## YOUR GOAL
In the reply, give back exactly the lines from the one with "Some of the" through the last line of the records, without pictures.

Entries taken from a collection
·····
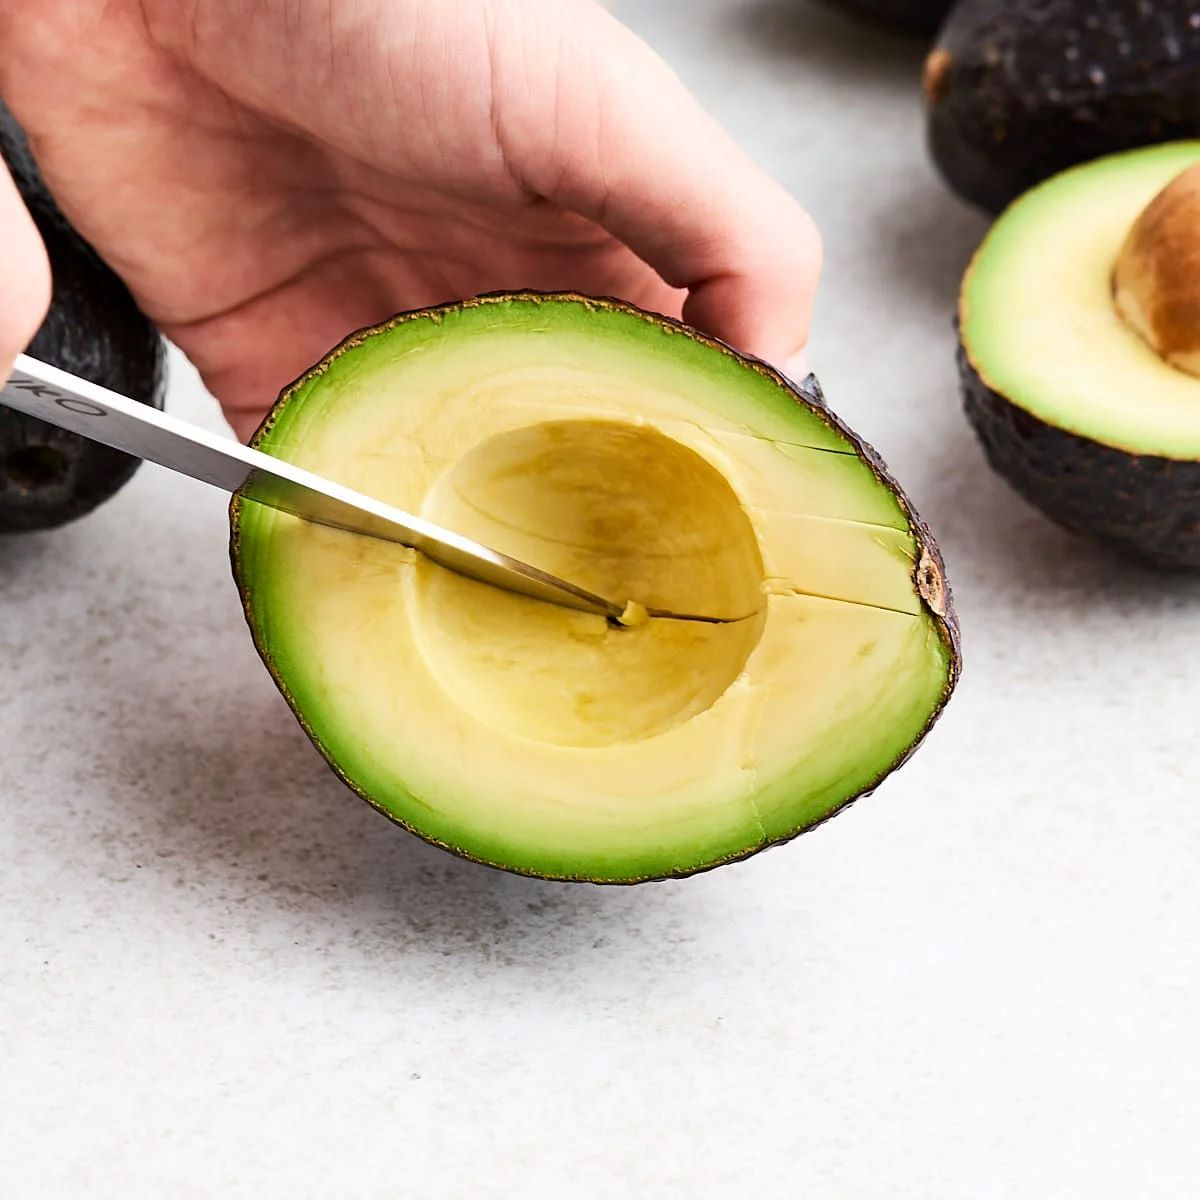 How To Store Avocado After Cutting
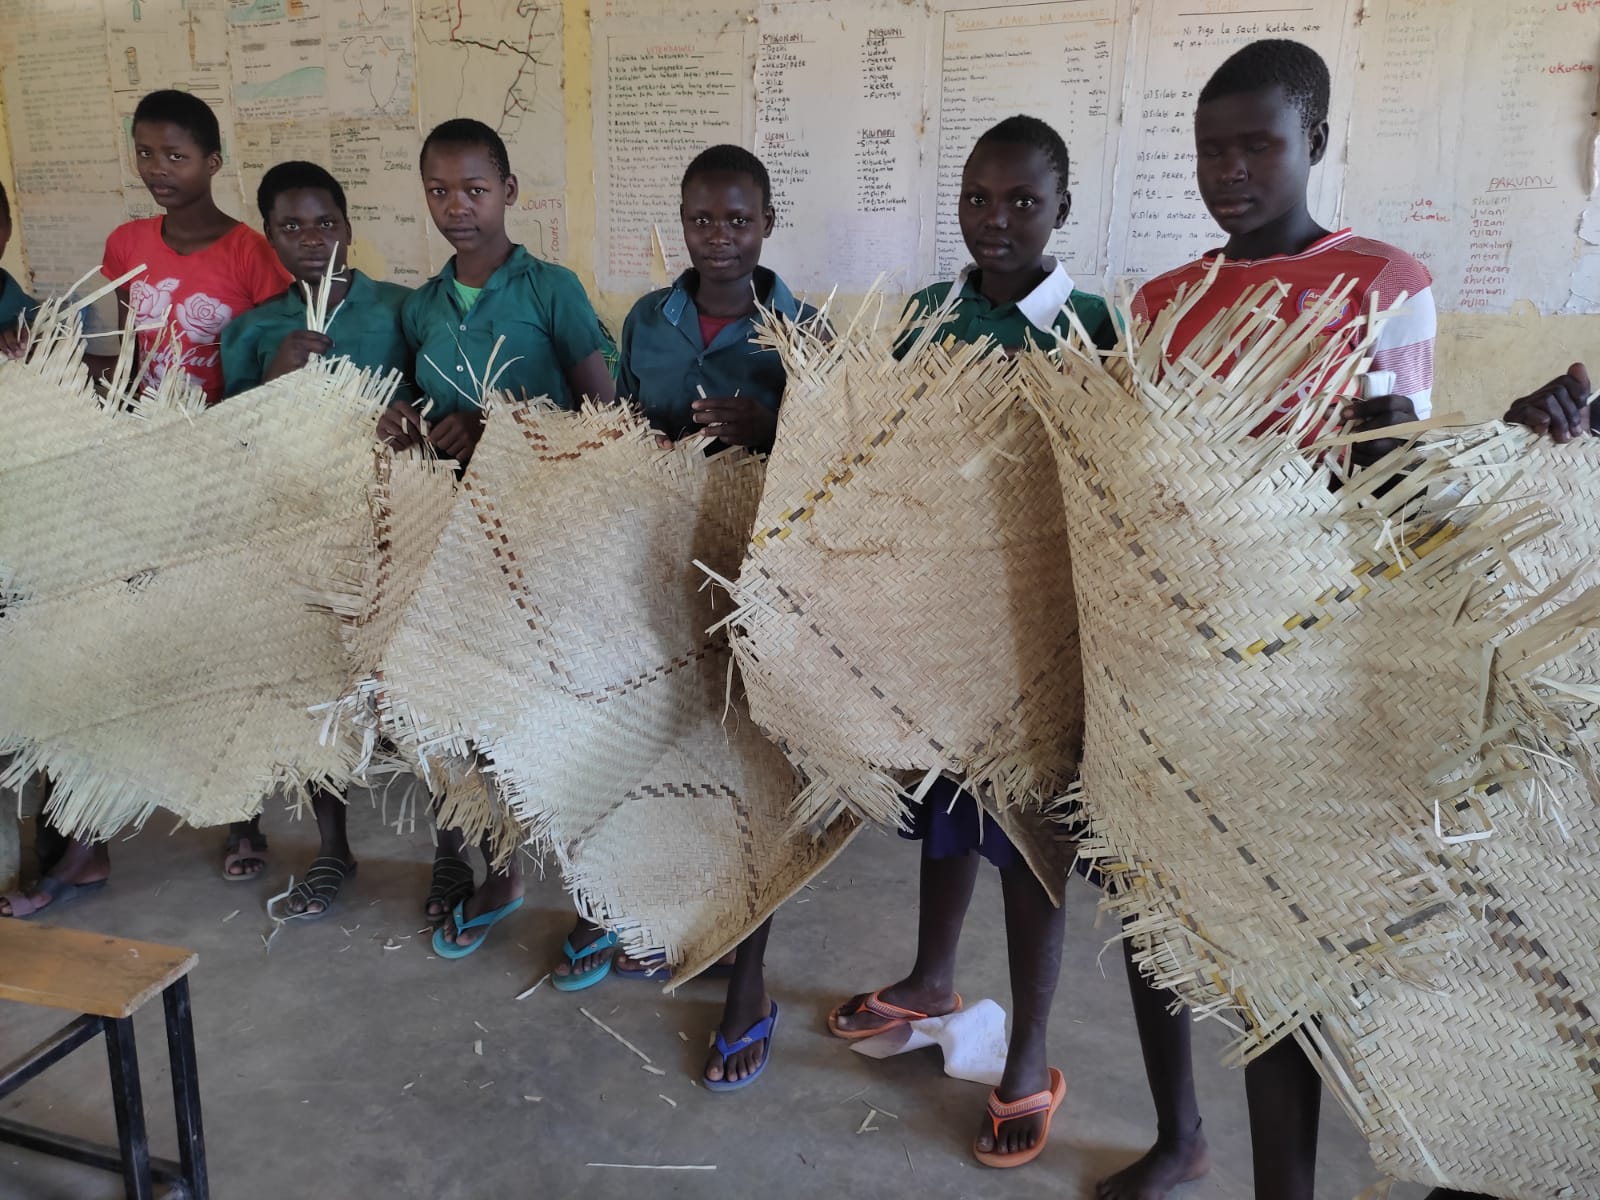 Some of the girls who board in the school display their beddings.
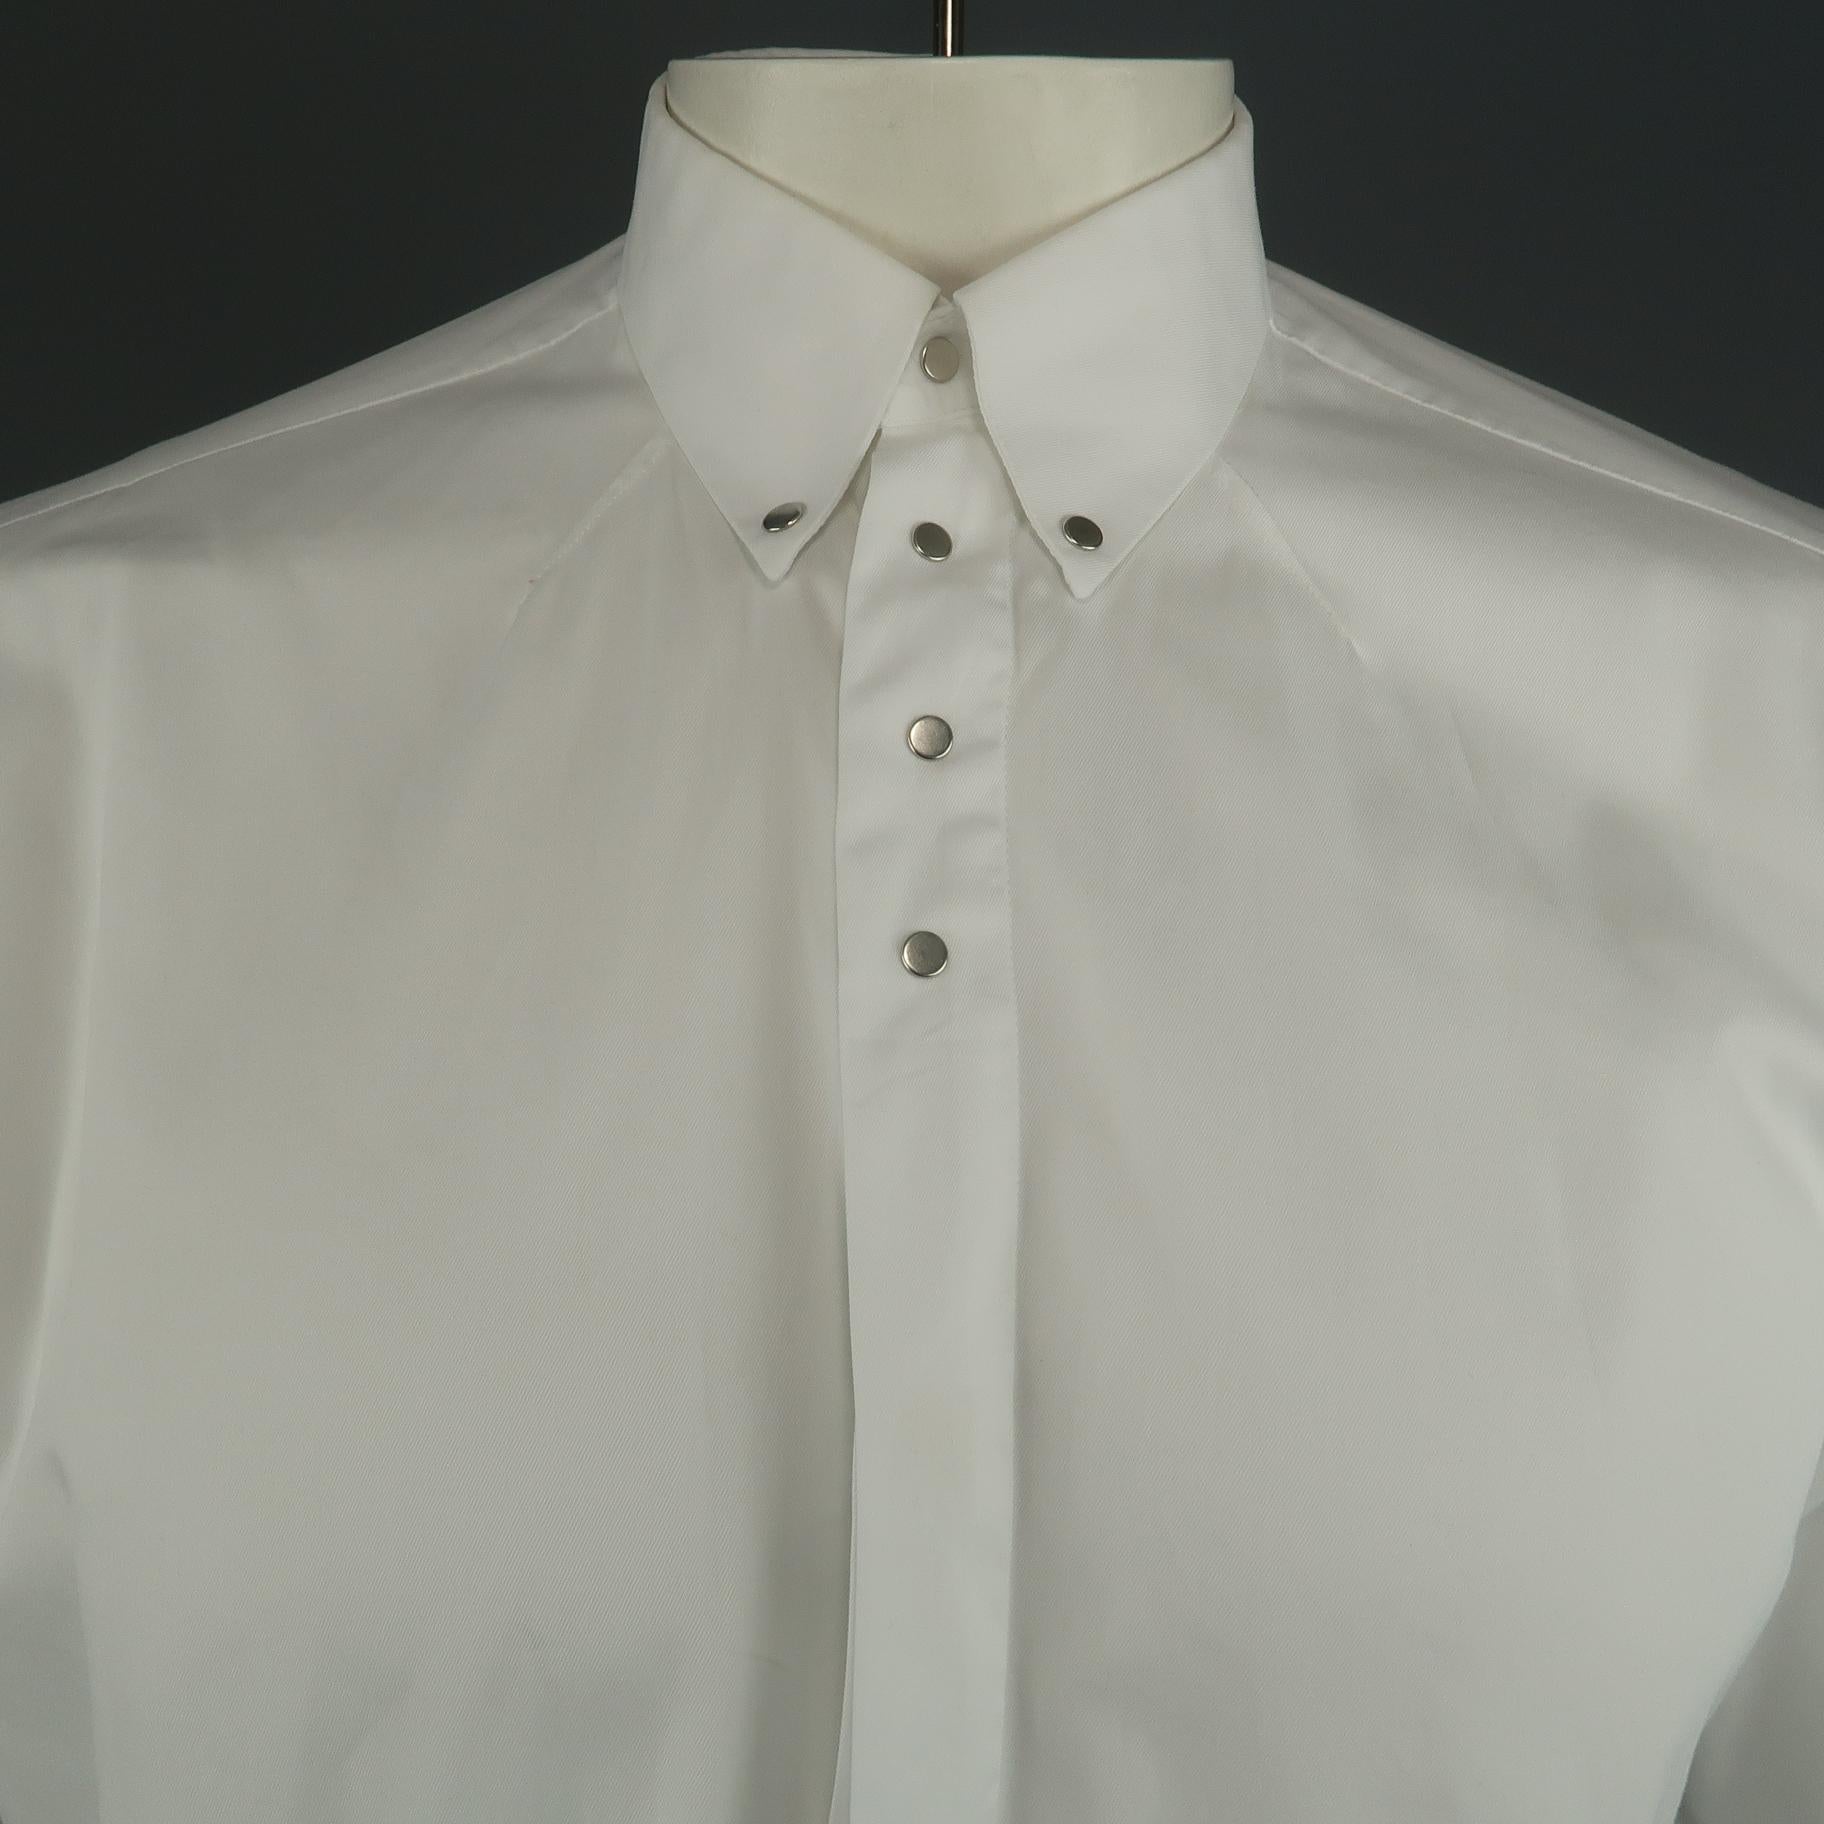 GIVENCHY long sleeve shirt comes in a white cotton featuring a button up style and silver snap details on the collar and upper closure.
 
Excellent Pre-Owned Condition.
Marked: 39
 
Measurements:
 
Shoulder: 17.5 in.
Chest: 48 in.
Sleeve: 25
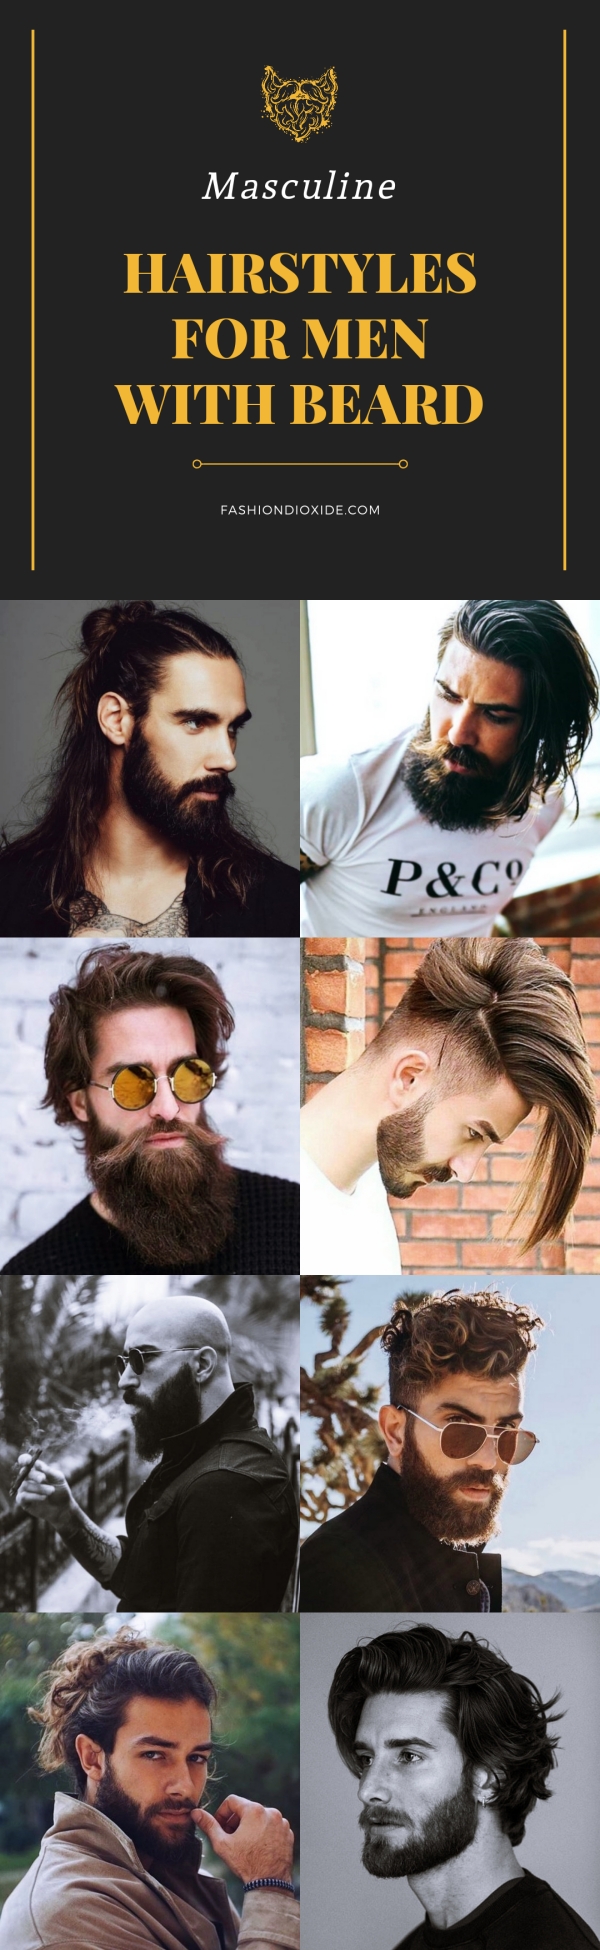 Masculine Hairstyles for Men with Beard
·····
## FINAL ANSWER
 Some of the girls who board in the school display their beddings.
 GIVENCHY long sleeve shirt comes in a white cotton featuring a button up style and silver snap details on the collar and upper closure.
 
Excellent Pre-Owned Condition.
Marked: 39
 
Measurements:
 
Shoulder: 17.5 in.
Chest: 48 in.
Sleeve: 25
 Masculine Hairstyles for Men with Beard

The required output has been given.